Reputation: 333
I am running Apache Hadoop 2.6.0 on Ubuntu 14.0 and I have a table created in Hive 0.13.0 as:
CREATE TABLE IF NOT EXISTS recipes_hive.cuisine (
ID INT COMMENT 'Cuisine ID.',
name STRING COMMENT 'Cusine name - primary key.',
area STRING COMMENT 'Name of the area of origin - foreign key.',
scope STRING COMMENT 'Either country or area.')
COMMENT 'Table containing cuisines data.'
ROW FORMAT DELIMITED FIELDS TERMINATED BY ','
STORED AS TEXTFILE;
And I fill it with data with statement:
LOAD DATA LOCAL INPATH 'path_to_file/CUISINE.csv'
OVERWRITE INTO TABLE recipes_hive.cuisine;
My database has several such tables all created and filled with same procedure. When running simple queries like:
SELECT * FROM cuisine
or even with certain conditions in WHERE clause I get the results as expected but running more complex queries I get squat. For example:
SELECT cuisine.name, SUM(IF (ingredient.category = "fruit",1,2))/count(*) AS PERC
FROM cuisine JOIN recipe ON recipe.cuisine = cuisine.name JOIN part_of ON part_of.id_recipe = recipe.id JOIN ingredient ON ingredient.name = part_of.ingredient
GROUP BY cuisine.name
ORDER BY PERC DESC
, or:
SELECT ingredient.id, ingredient.name
FROM cuisine JOIN recipe ON recipe.cuisine = cuisine.name JOIN part_of ON part_of.id_recipe = recipe.id JOIN ingredient ON ingredient.name = part_of.ingredient
WHERE ingredient.id IN (
SELECT ingredient.id
FROM cuisine c JOIN recipe ON recipe.cuisine = c.name JOIN part_of ON part_of.id_recipe = recipe.id JOIN ingredient ON ingredient.name = part_of.ingredient
WHERE c.name = "Pakistan") AND cuisine.name = "Bangladesh"

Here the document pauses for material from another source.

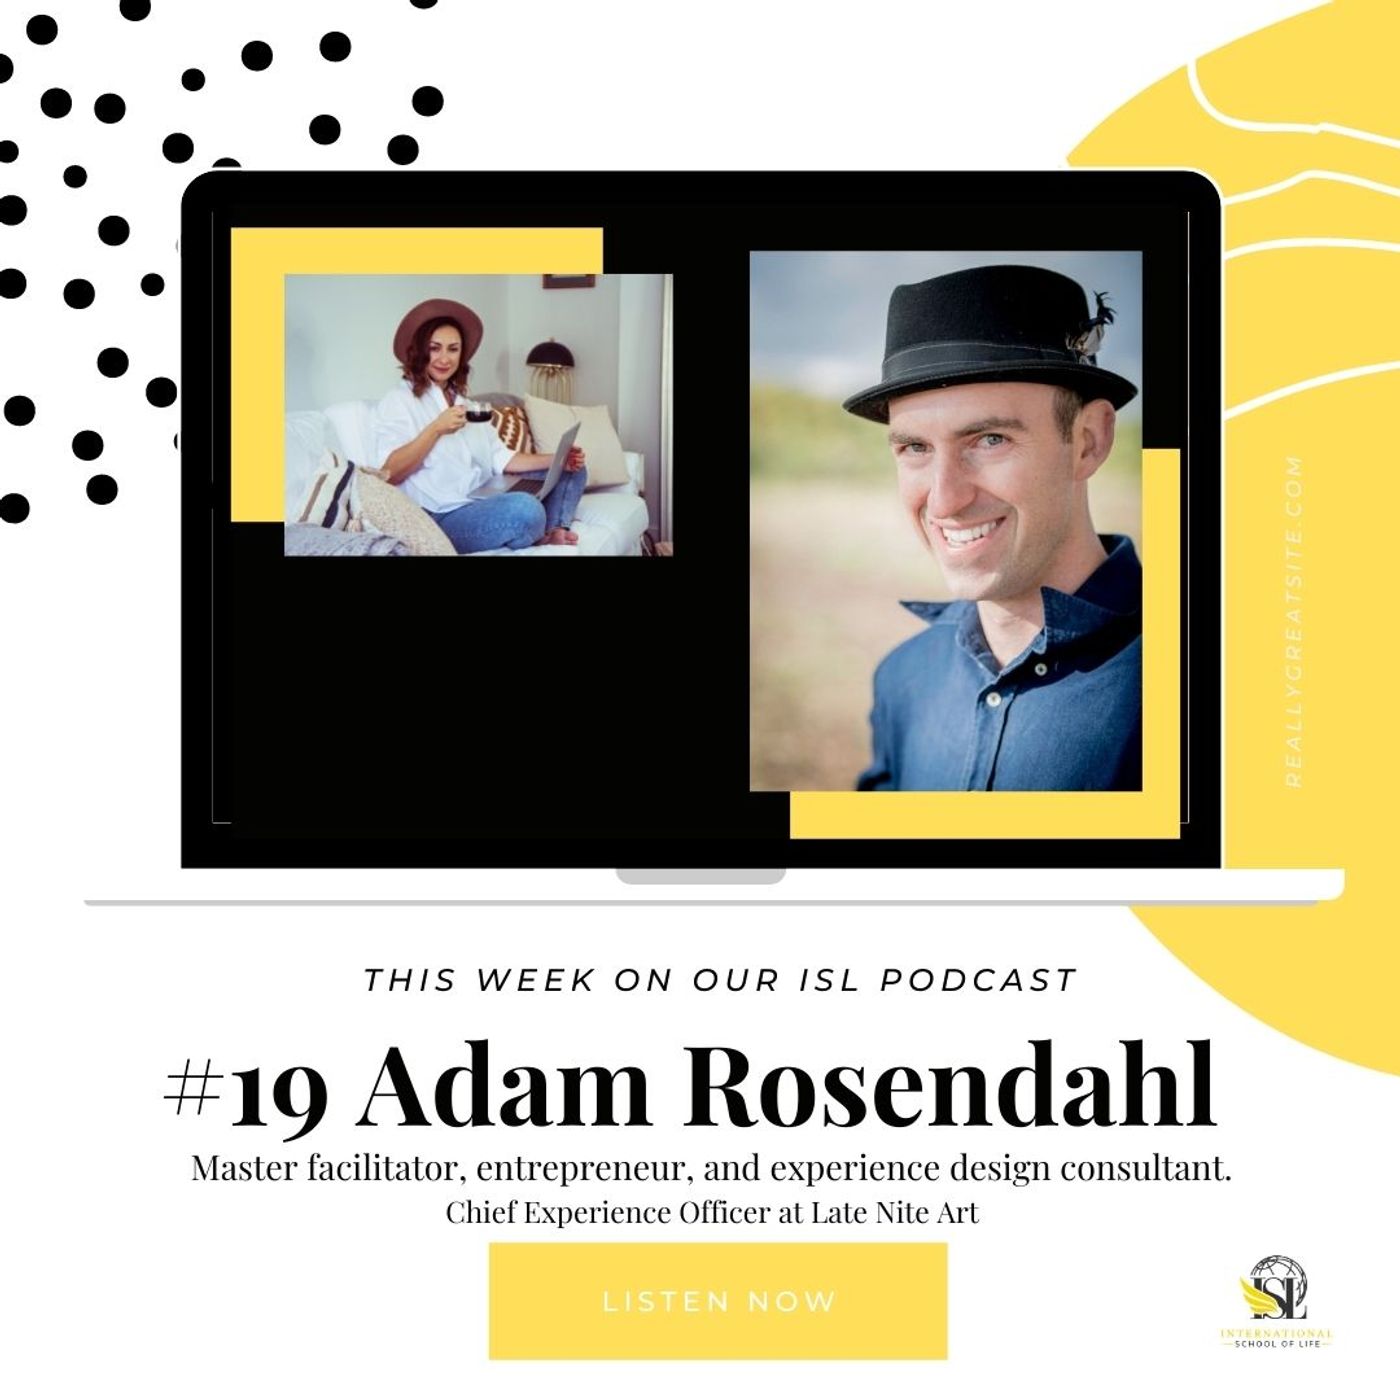 #19 Interview with Adam Rosendahl - Master facilitator, entrepreneur, experience design consultant. Chief Experience Officer at Late Nite

The first example calculates some percentage and the second one checks for mutual elements.
The MapReduce and Hadoop get invoked properly and they return no error. The output ends with:
Execution completed successfully
MapredLocal task succeeded
OK
Time taken: 122.119 seconds
I have checked the web and people had similar issues as I do. I checked:
Hive Table returning empty result set on all queries
but failed to get my issue resolved. The data is in fact in the HDFS and as mentioned before it works on simple queries.

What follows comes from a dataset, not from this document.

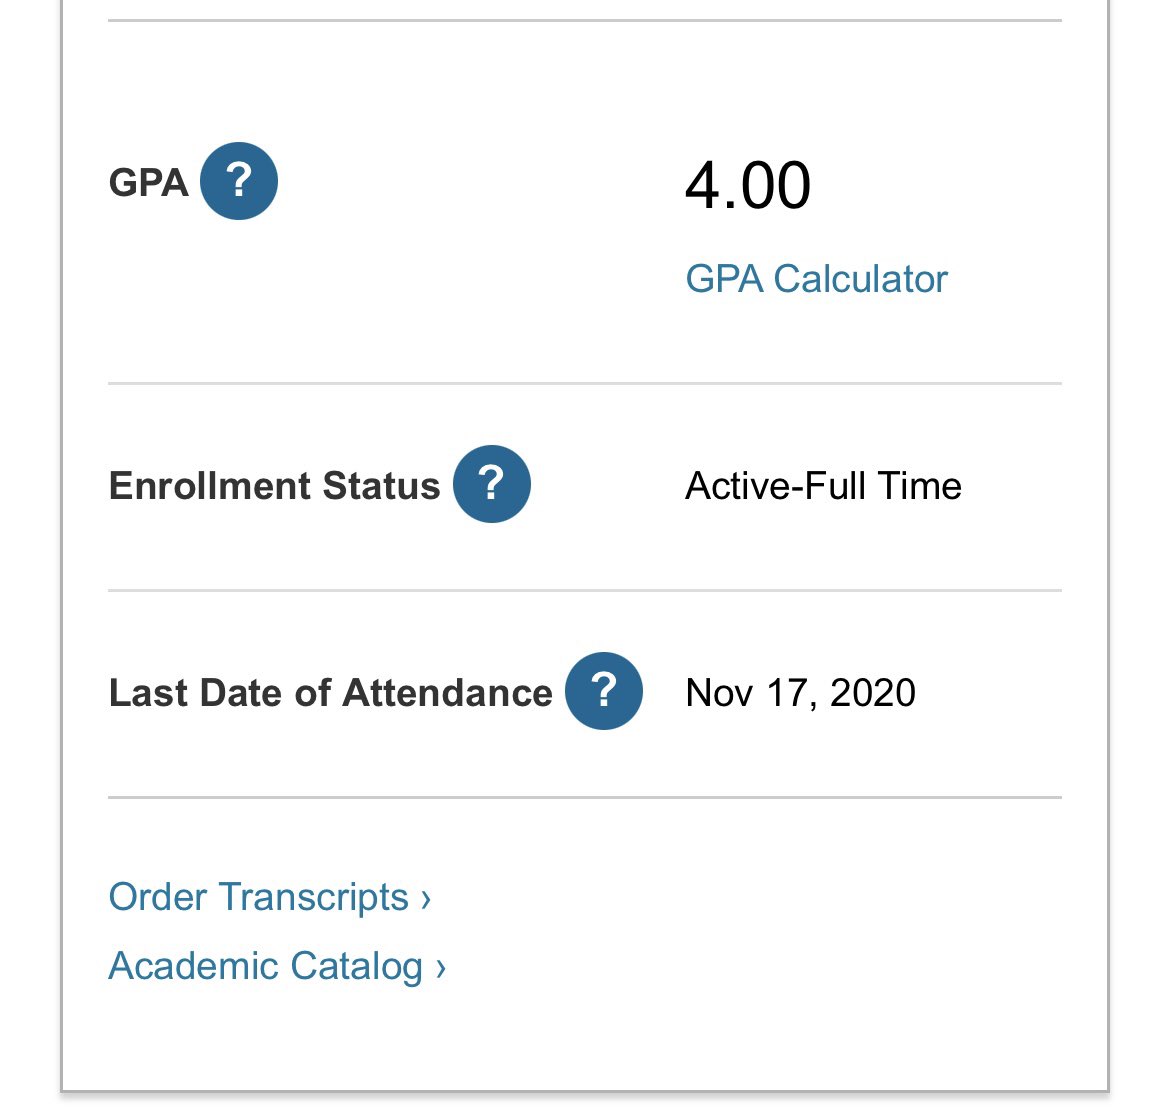 Couldn’t be prouder of myself right now #educationalgoals #perfectGPA #killingit

So either there is something wrong with my Hive instance or my queries are not written correctly.
Any help would be greatly appreciated. Best regards.
Upvotes: 2
Views: 5690
Reputation: 2113
If we have Cuisine table containing ID = {1,2,3} and Recipe table containing ID = {5,6,7} , then even though these tables are non-empty, we still get no rows returned when we do INNER JOIN Cuisine.ID = Recipe.ID (as the ID's are different in the 2 tables) Can you please check that there is no such condition.
SELECT count(1)
FROM cuisine c JOIN recipe ON recipe.cuisine = c.name WHERE c.name = "Pakistan";
--- must return > 0
select count(1) from recipe as recipe
JOIN part_of ON part_of.id_recipe = recipe.id ;
--- must return > 0
select count(1) from part_of as part_of
JOIN ingredient ON ingredient.name = part_of.ingredient ;
--- must return > 0
So the inner query returns a row when all the count(*) are non-zero. Now test the outer select :
SELECT ingredient.id, ingredient.name
FROM cuisine JOIN recipe ON recipe.cuisine = cuisine.name JOIN part_of ON part_of.id_recipe = recipe.id JOIN ingredient ON ingredient.name = part_of.ingredient
WHERE ingredient.id = <inner query result> and cuisine.name = "Bangladesh";
Upvotes: 1
Reputation: 2113
Are you sure that the resulting join will be non-empty. Since, you have implemented inner joins, even if one table has missing records, the entire result set is 0. Try adding a left join with "IS NULL" to validate that all the tables contribute to the result set. If all the child tables have non-null values in their respective columns post-join, then the query is good.
Upvotes: 1